Но и они как будто понимали его; между ними установилось как словно тайное сочувствие. «Эх! — скажет, бывало, старик, оглядывая летом свое поле, — вот этот осминничек как славно обманул меня! Мало ли положил я в тебя зерен, — не жалел, кажется! и вспахал лучше быть нельзя! А колос-то жиденький, соломка тощая! … Обманул ты меня…» Проходит лето, жатва скошена, уж журавли летят в теплые стороны. Анисимыч снова в поле, снова идет к осминнику, который не оправдал его надежды. Старик крестится, с удвоенным старанием бороздит его вдоль и поперек, раза два лишних боронит и вспахивает, прилаживает лишний камень на борону. «Ну, теперь ладно, надо быть; не надо бы, кажется, теперь обманывать! — скажет он, обтирая рукавом крупные капли пота, — так запахано, комушка нет! как пух землица! Славная будет постелька для зернышка! …» И в самом деле на другое лето старик не натешится, глядя на свой осминник, покрытый из края в край частым, высоким стеблем, который плавно колышется на ветре, шумя тяжелыми гроздьями золотого овса. Эти три-четыре нивы были для него целым миром, в котором жил он всеми своими помыслами, всею душою. Мысли его редко переносились за предел зеленеющих межей, окружавших его поле.

ХХIII

Но и в этом тесном горизонте научился он многому. Премудрость божия не так же ли бесконечно поразительна в стебле травы, как и в громадных явлениях природы! Довольно было старому пахарю прожить свой век под этим узеньким клочком неба, между этими бедными холмами и рощами, чтобы приобрести опыт и значение, которые составляют мудрость сельского жителя. Не этот ли опыт и значение помогали старику поддерживать благосостояние семьи и тех окружающих, которые хотели слушать его советов?

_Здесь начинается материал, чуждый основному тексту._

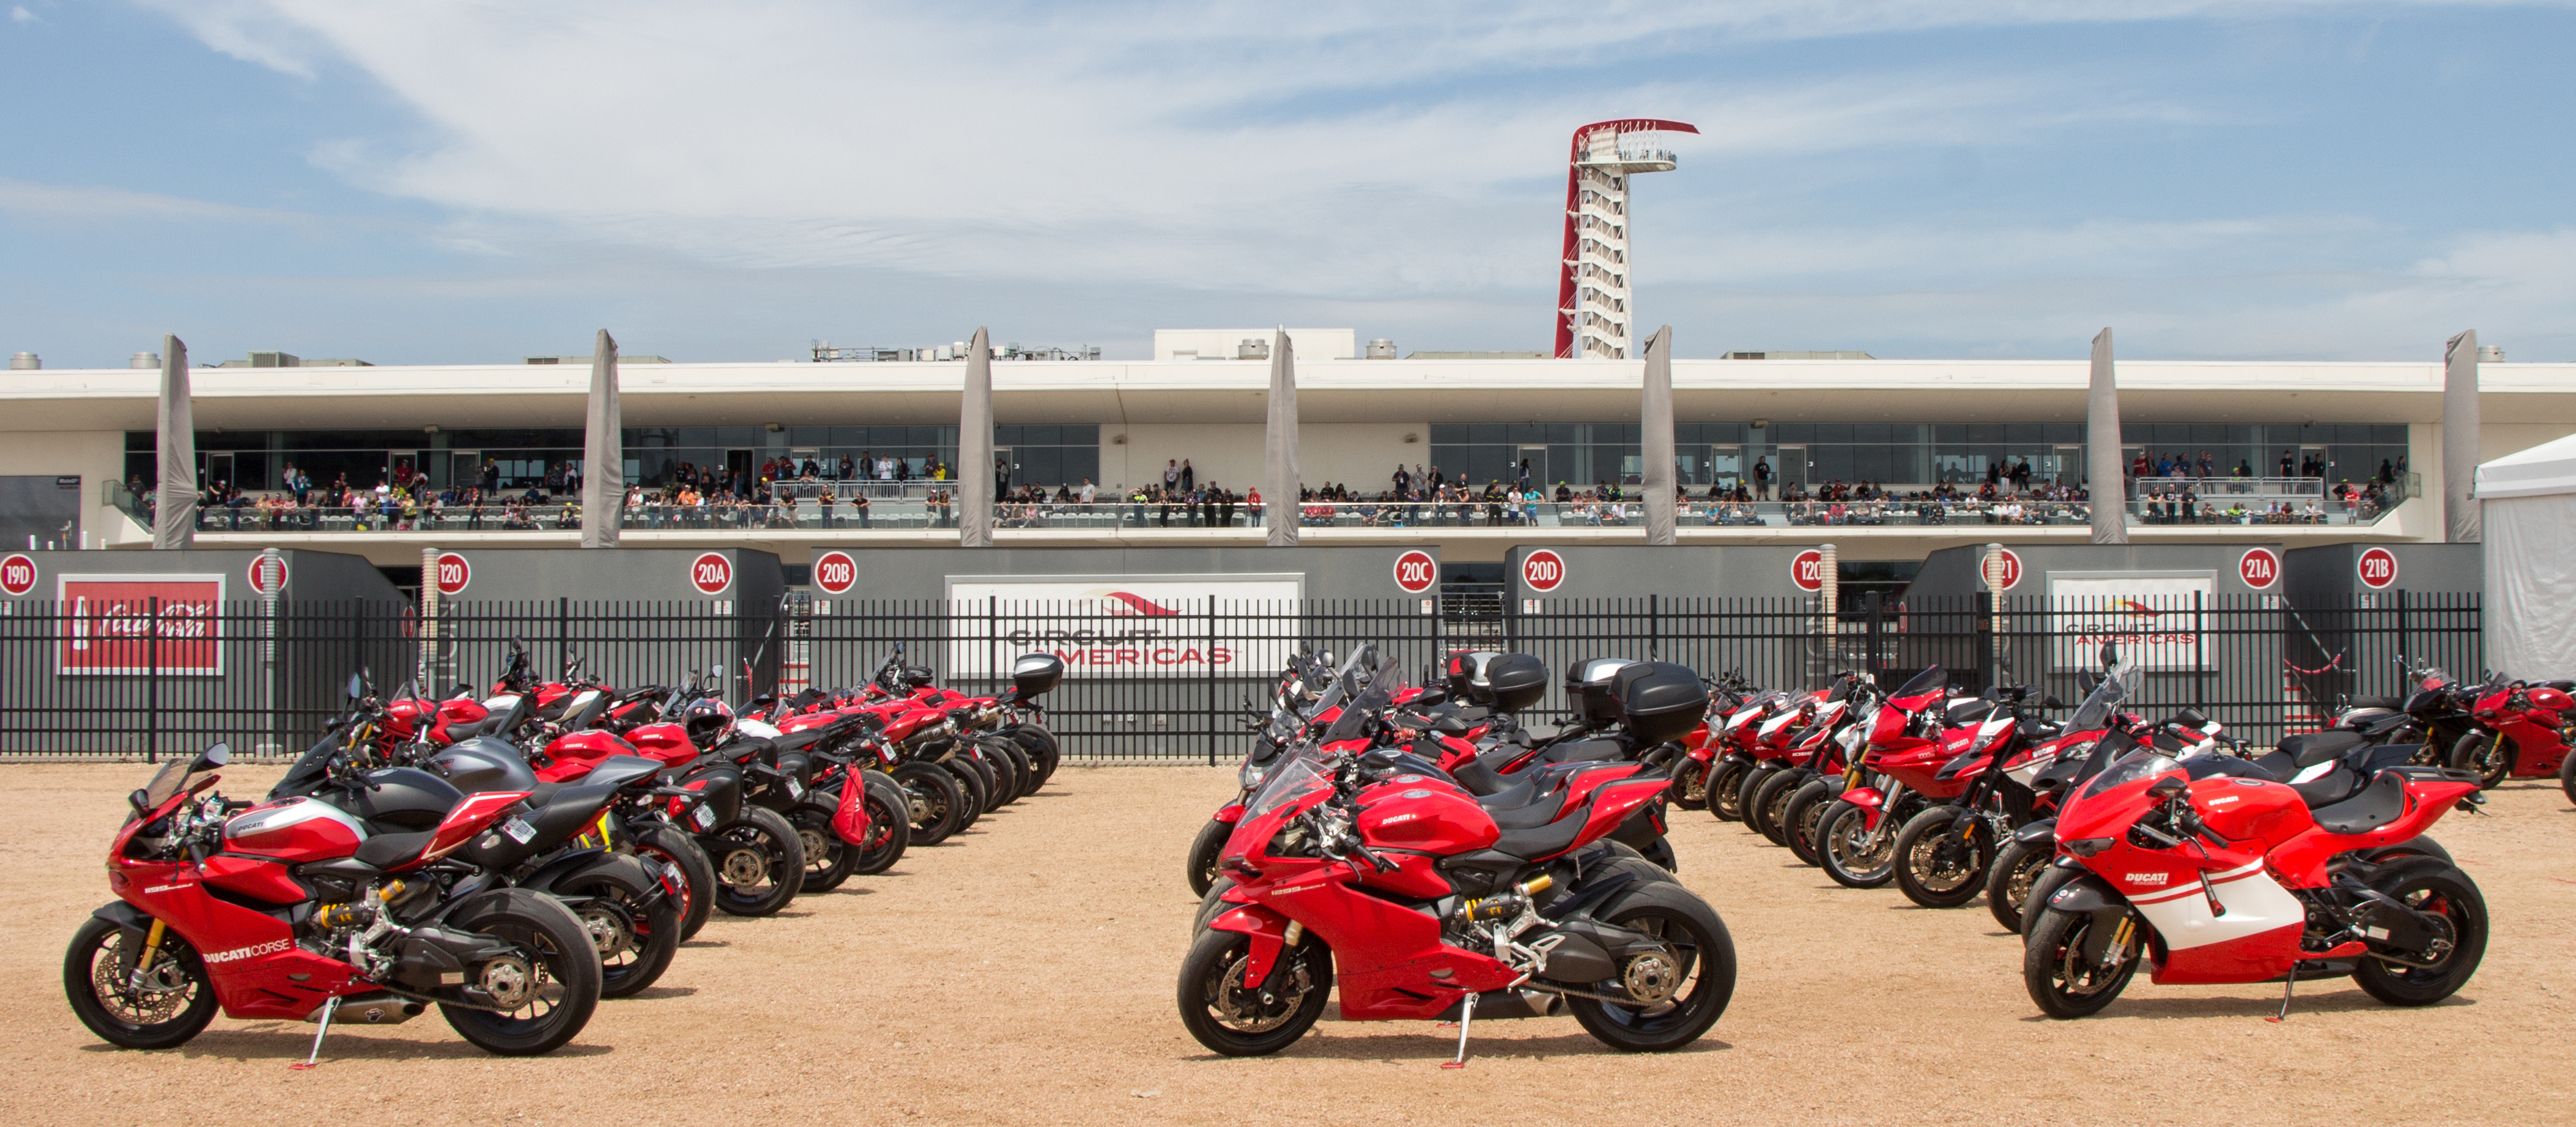 Ducati Island MotoGP Circuit of The Americas

— А что, Анисимыч, не пора ли овес сеять? — вымолвит сосед, выходя весною за ворота, чтобы погреться на солнце. — Вишь, теплынь какая стала, даже пар от земли пошел!

— Нет, погоди, — скажет старый пахарь, — ходил я нонче в поле, глядел: лист что-то мал на дубках, не совсем еще развернулся, ждать надо холоду, стало быть, может статься, еще будет и сиверка: овес этого не любит! Сей его, как лист дубовый развернется в заячье ухо: тогда и сей, потому, значит, земля тогда готова, за свой род принялась.

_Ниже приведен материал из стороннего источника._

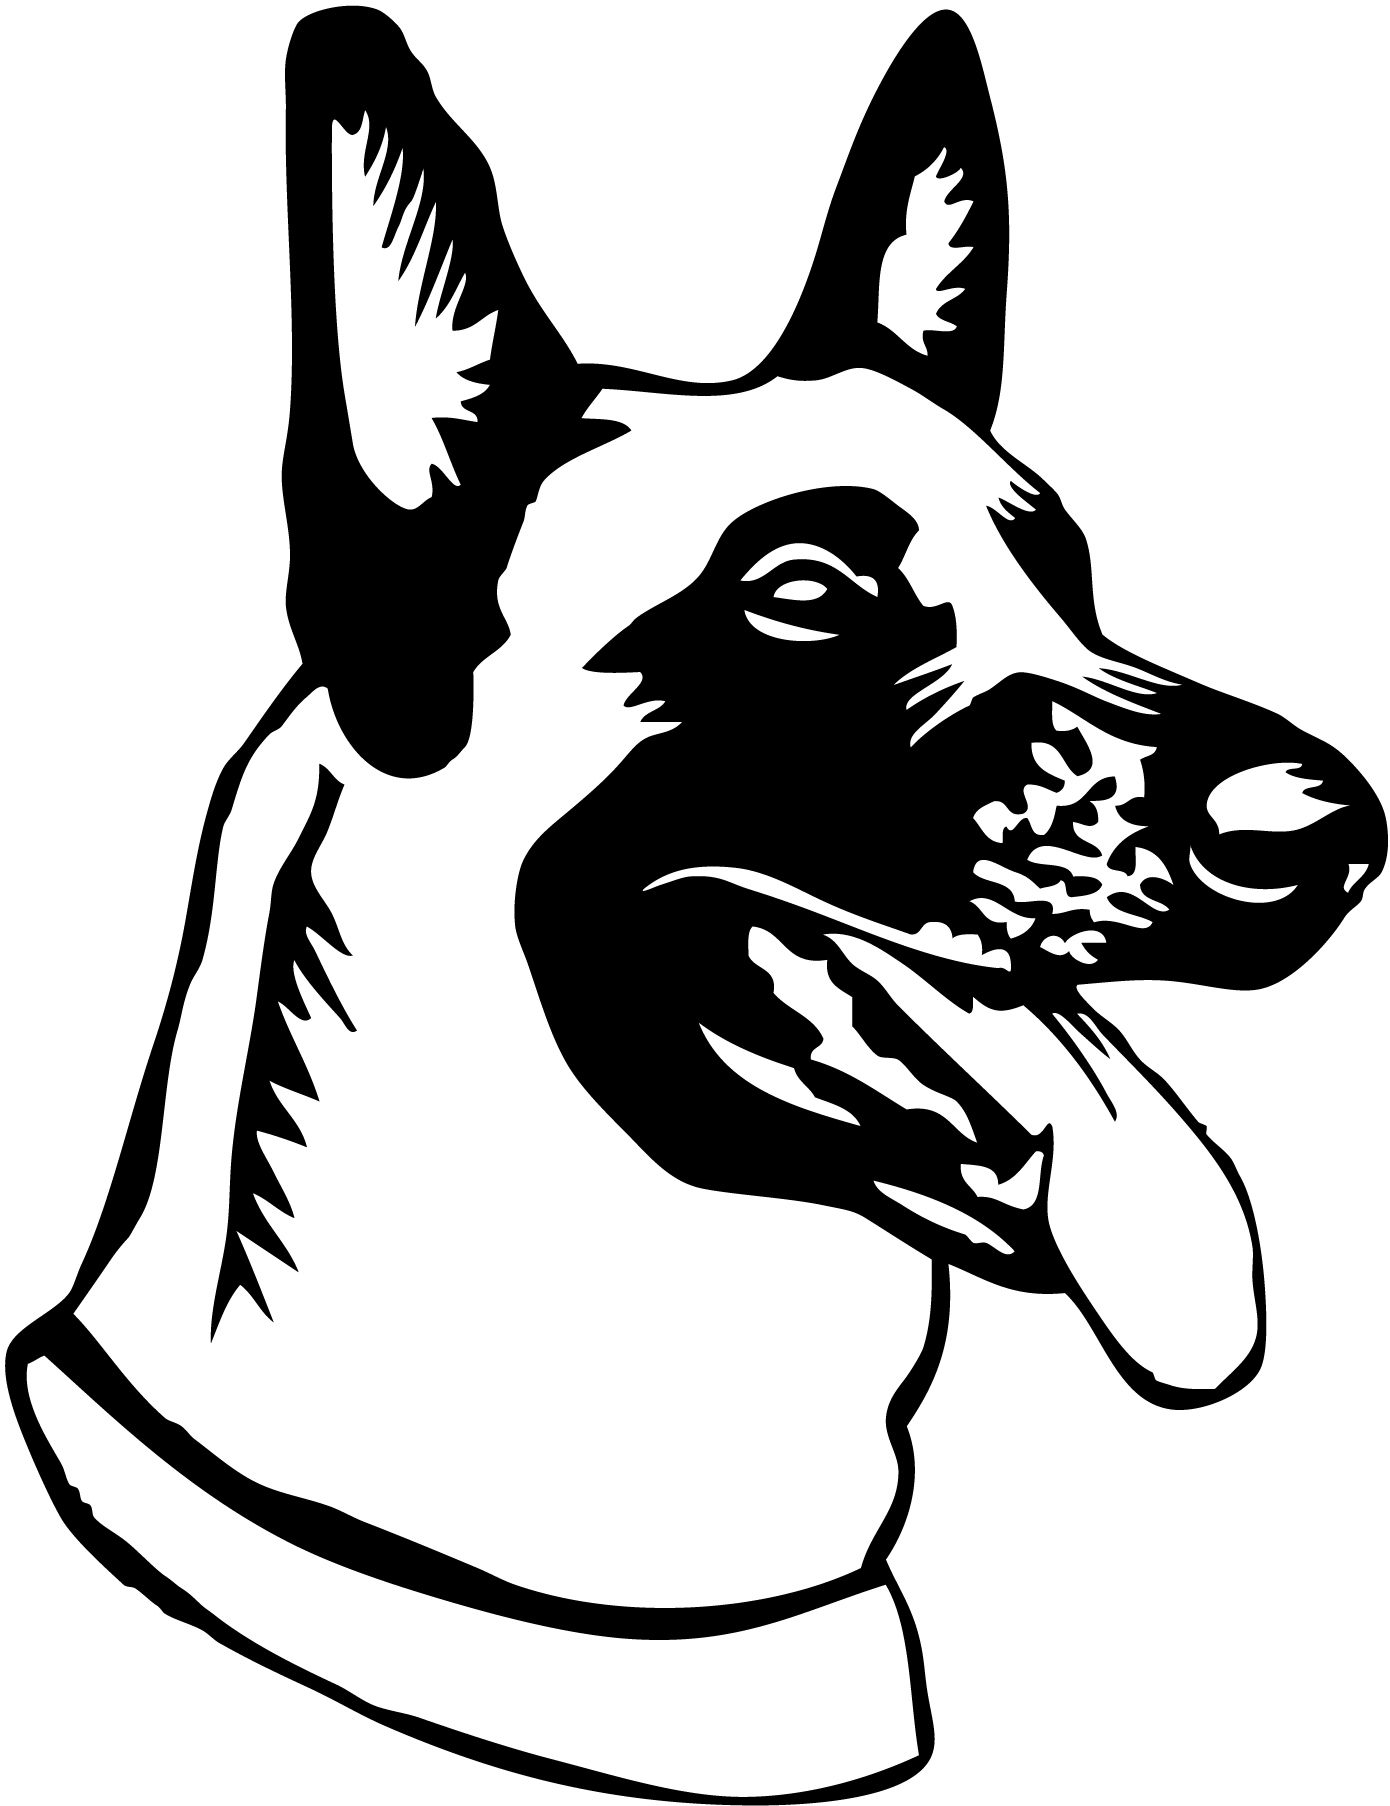 Stickers autocollant chien Malinois 03

У него на все были свои приметы. Они, надо полагать, постоянно оправдывались в продолжение целых шестидесяти лет: он слепо им верил! Раз, помнится мне, всю весну лили беспрерывно дожди; земля в полях размокла, как кисель; кругом стали опасаться за корень ярового хлеба. Не унывал один Анисимыч. А между тем ему более, чем всякому, следовало бы тревожиться: поле составляло все его богатство; но он оставался покойным: он утвердительно говорил, что лето будет вёдреное и все высушит, все поправит. Другого объяснения не было, как то, что в день апостола Якова (30 апреля) солнце взошло в ясном, безоблачном небе, и весь день не видно было ни одной тучки. Старик присоединял к этому еще другую примету: он наблюдал вскрытие реки; река вскрылась рано и дружно, а, по словам его, это служило несомненным знаком благополучного лета. Предсказание его оправдалось как нельзя лучше. Основываясь на приметах, он почти всегда верно угадывал о злой и счастливой судьбе, которая ожидала поселянина в поле. Помня день, когда начал завязываться первый колос, он безошибочно высчитывал день в день все периоды произрастания хлеба и всегда верно определял срок жатвы.

— Что ты, Анисимыч, на луг-то уставился? — шутливо замечал сосед. — Лошадей, что ли, высматриваешь?

— Нет, на гусей гляжу.

— А что?

— Да все что-то на одну ногу становятся: надо быть, скоро снежок выпадет! … Вон также и журавли: вишь, как низко летят. По всему сдается, рано нонче зима станет.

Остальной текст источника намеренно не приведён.